The pointed windows of the south aisle and transept are canopied. On top of each of the buttresses between them is a white marble figure. The magnificent campanile rises above the chapel close to the south door. Like the rest of the cathedral it is banded in black and white marble. The lowest of its seven courses is constructed with a solid exterior, the next is pierced by an arch, the third by two arches, and so on, increasing until at the top stage there are six arches. Four turrets with slender spires finish off the corners at the top, and a good hexagonal spire rises from the centre. The dome is supported by an open gallery. The idea of a central tower never seems to have appealed to the Italian in his Gothic work; even at Milan the spire of the cathedral can hardly be said to rise from a tower.
The interior of the cathedral, by reason of the very decided black and white bands of marble, although mellowed with age, is not restful to the eye. The nave consists of five bays on each side. The aisles have round arches. The transepts are double and of unequal length. All the windows are pointed with the exception of the two round ones at the east and west ends. The clustered columns of the nave are of very good proportion; above them is a heavy frieze. Between the numerous consoles of this is a series of terra cotta busts of all the Popes. Executed at one time, they are, like the medallion portraits of the Pontiffs in S. Paolo fuori at Rome, not authentic likenesses. What gilding there is, is away up in the roof and on the bosses in the soffits of the arches, but it is old and not really obtrusive. The same may be said for the star-spangled blue vault. The illustration shows the cold light from the north transept window striking Niccolò Pisano's beautiful pulpit, in contradistinction to the warm rays that penetrate this noble fabric through the clerestory windows of the nave. Arnolfo di Cambio and Niccolò's son Giovanni had a share in the execution of this splendid work, which may be ranked next to the pulpit in the Baptistery at Pisa. The pavement of the whole cathedral is composed of graffiti in coloured marble pictures. To preserve this unique pavement the authorities have wisely covered the nave and aisles with a wooden floor; and except during the month of August and on great festivals, when this covering is taken away, the only portion in the lower part of the church exposed to view is that under the dome. This is railed off.

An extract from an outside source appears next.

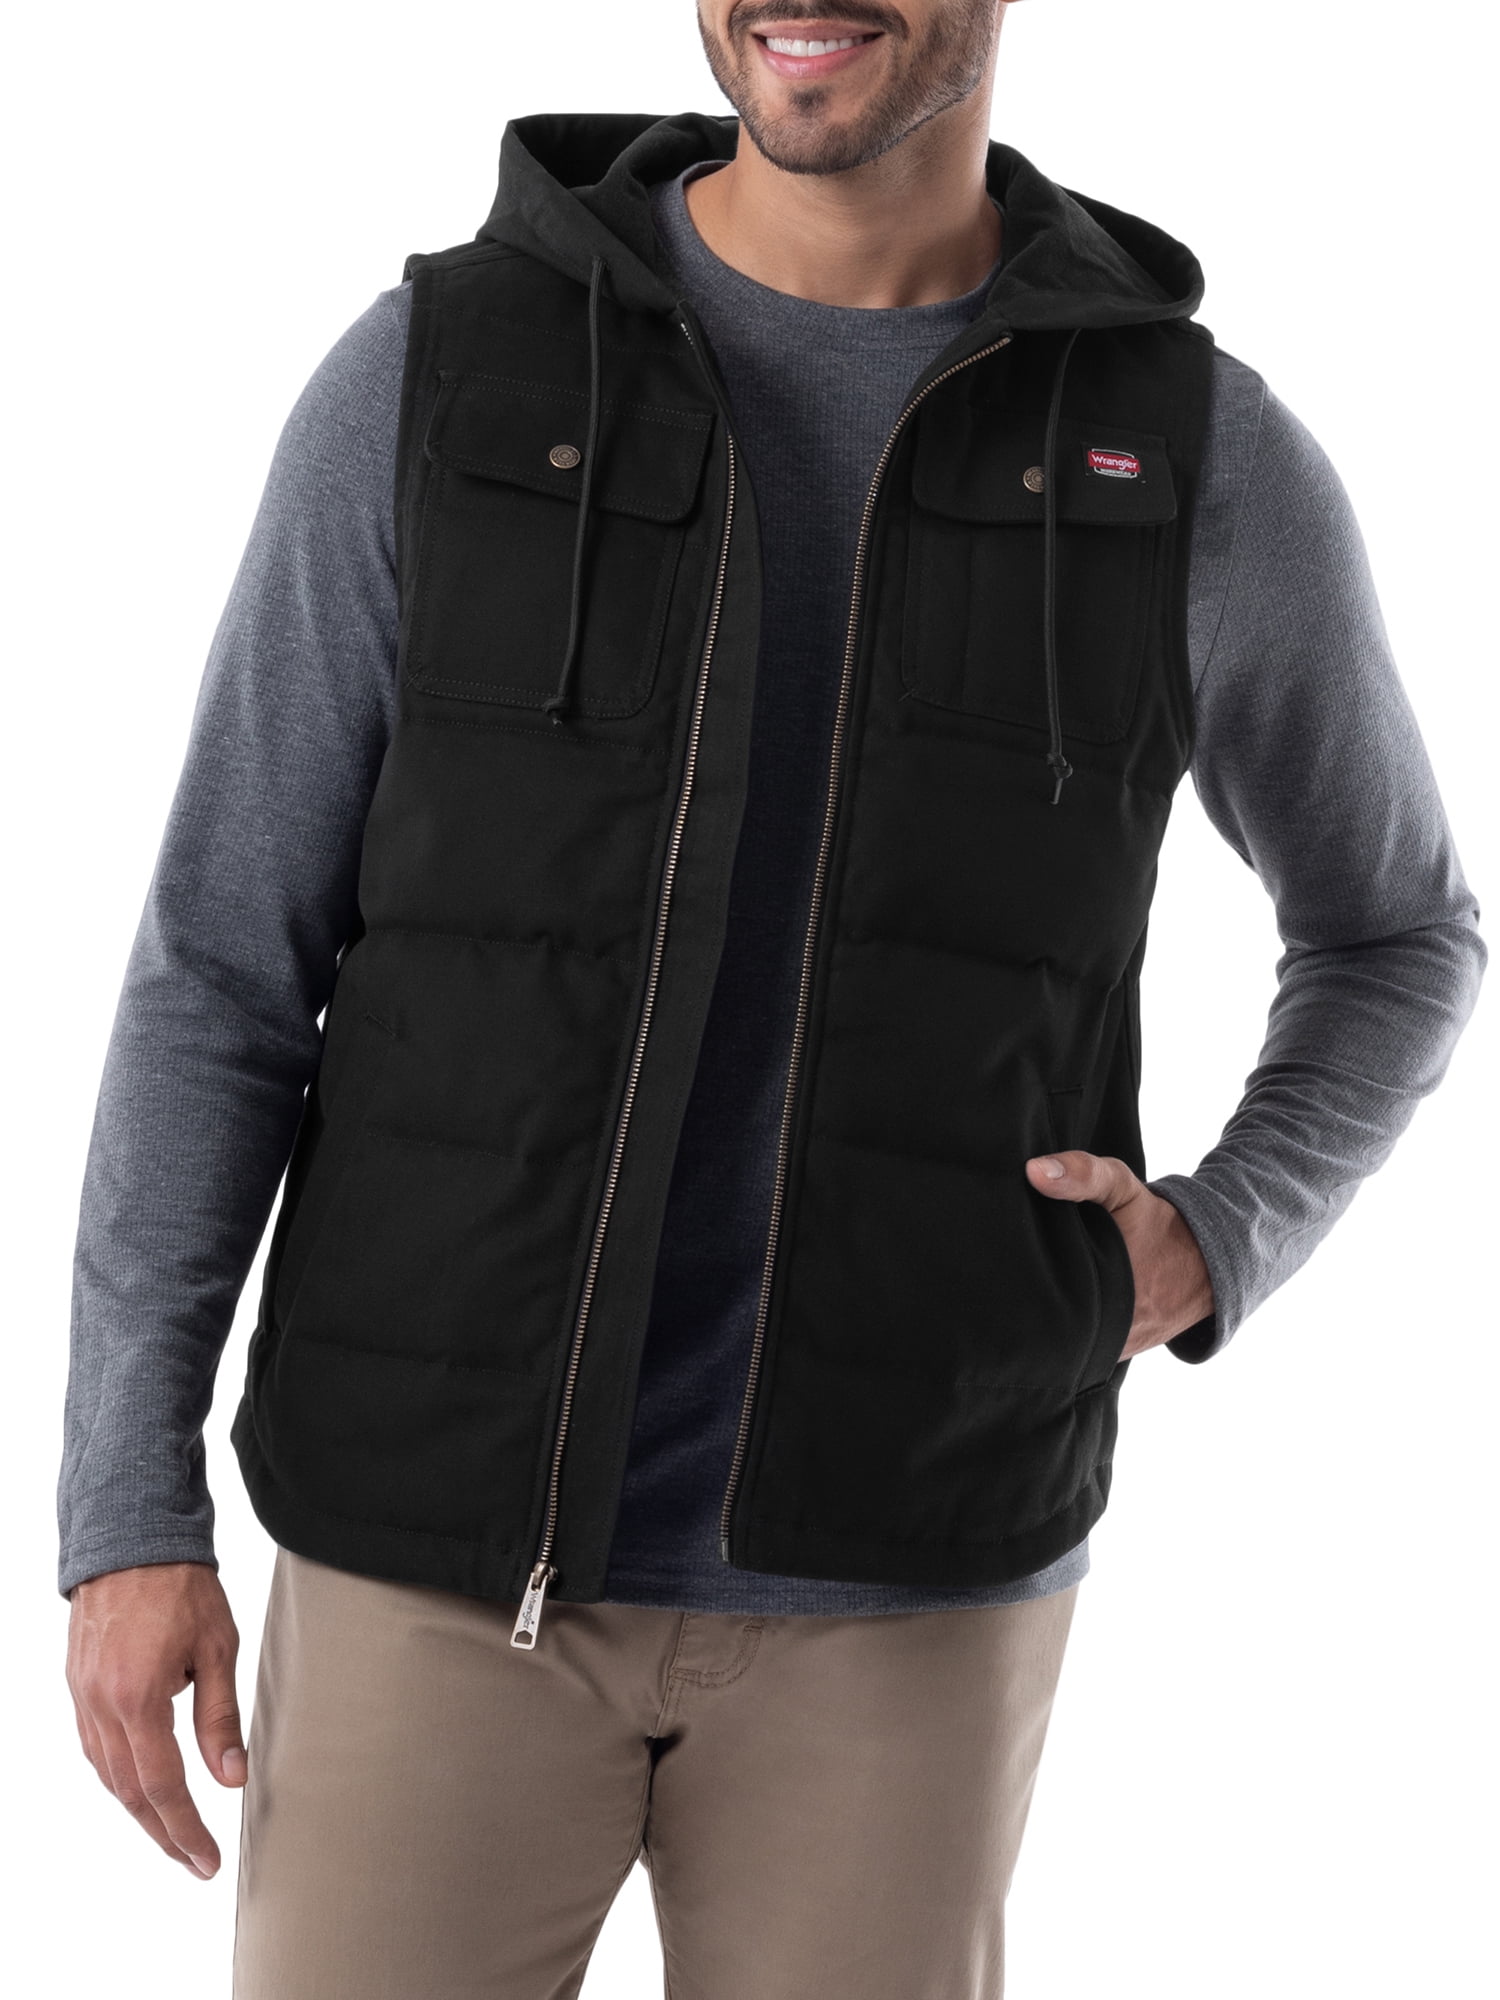 Buy Wrangler Workwear Mens Work Vest with Hood Online at Lowest Price in  Ubuy Nepal. 769660314

The six niches at the top of the clustered columns that support the cupola are filled with colossal metal figures. On bronze brackets, fixed to each pier of the choir, are thirteenth-century bronze figures of angels holding lamps. One admires the good taste that has always left these bronzes ungilded. The same praise may be accorded in the case of the grand bronze candlesticks on the high altar, and the magnificent tabernacle by Lorenzo di Pietro which rests on it. The only note which really jars is the crescent of hideous gilded cherubims that partially surround the east window. The choir stalls, which were exchanged for those in the convent of Mont' Oliveto Maggiore, nineteen miles out of Siena, have extremely good intarsia work of architectural and "still-life" panels.